In the paper Periodische Minimalflächen, published by the Mathematische Zeitschrift in 1934, Berthold Steßmann discusses the minimal surfaces that solve the Plateau problem for those spatial quadrilaterals for which rotations about the edges generate a discrete group.

Arthur Moritz Schoenflies had classified these quadrilaterals, there are precisely six of them, up to similarity. For the three most symmetric cases, Hermann Amandus Schwarz had found the solutions to the Plateau problem in terms of elliptic integrals, and Steßmann treats the remaining cases. One of them is shown above. It is easier to describe the contour for three copies: Take a cubical box. Then the contour above consists of two (non-parallel) diagonals of top and bottom face, to vertical edges of the box, and two horizontal edges that lie diametrically across.

Extending the surface further produces the appealing triply periodic surface above. Below is a top view. This would make a nice design for a jungle gym. Unfortunately, this surface will not stay embedded; you see this at the corners where three pairwise orthogonal edges meet.

However, the conjugate surface is embedded, and concludes the story from a few weeks back.
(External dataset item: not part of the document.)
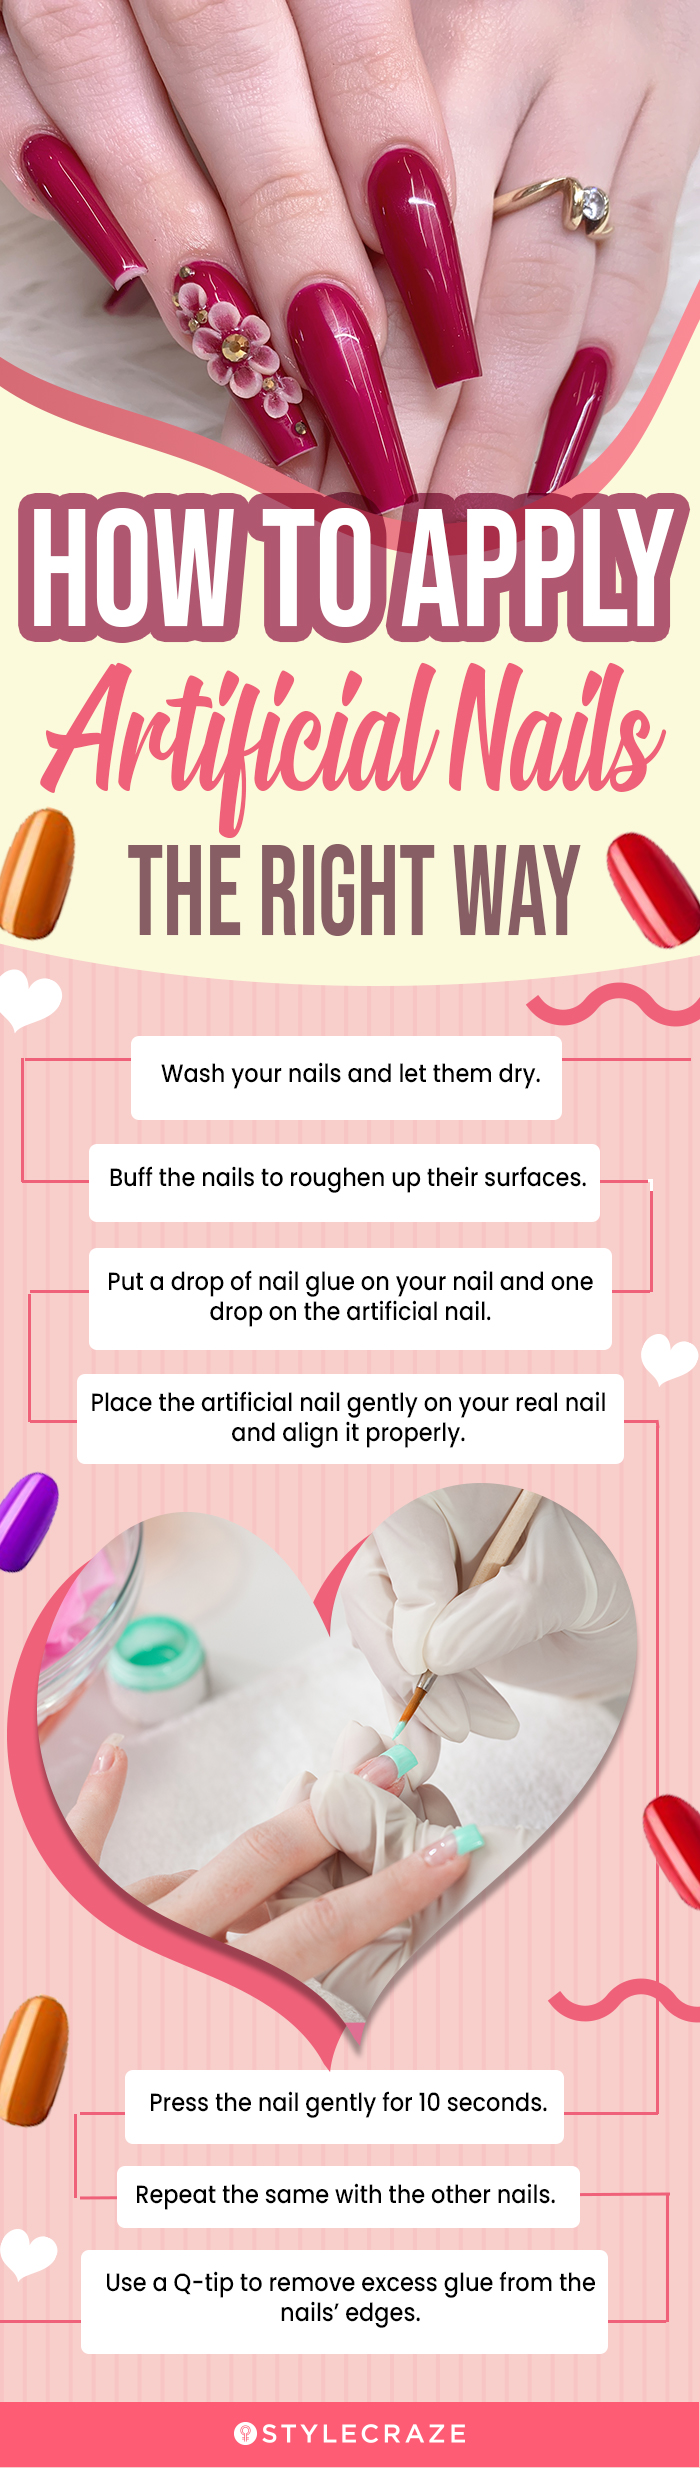 How To Apply Artificial Nails The Right Way(infographic)

The surface introduced there is the I-WP surface of Alan Schoen, and he mentions in the appendix of his NASA report on triply periodic minimal surfaces, that the conjugate of his I-WP surface had been discussed by Steßmann. Below is a more traditional view of the I-WP surface.

Its name (explains Schoen), stands for Wrapped Package, because a translational fundamental piece of its skeletal graph looks like four sticks wrapped together into a package:

The internet knows little about Berthold Steßmann. There is a short biographical note by the German Mathematical Society, telling that he was born on August 4, 1906 in Hüllenberg, Germany, studied in Göttingen and Frankfurt to become a high school teacher, which he completed in 1933. Then, a year later, he received his PhD about periodic minimal surfaces, with Carl Ludwig Siegel as advisor. The same year, the Mathematische Zeitschrift published a paper of Steßmann, covering the same topic. The note also mentions that Steßmann was Jewish. This leaves little hope.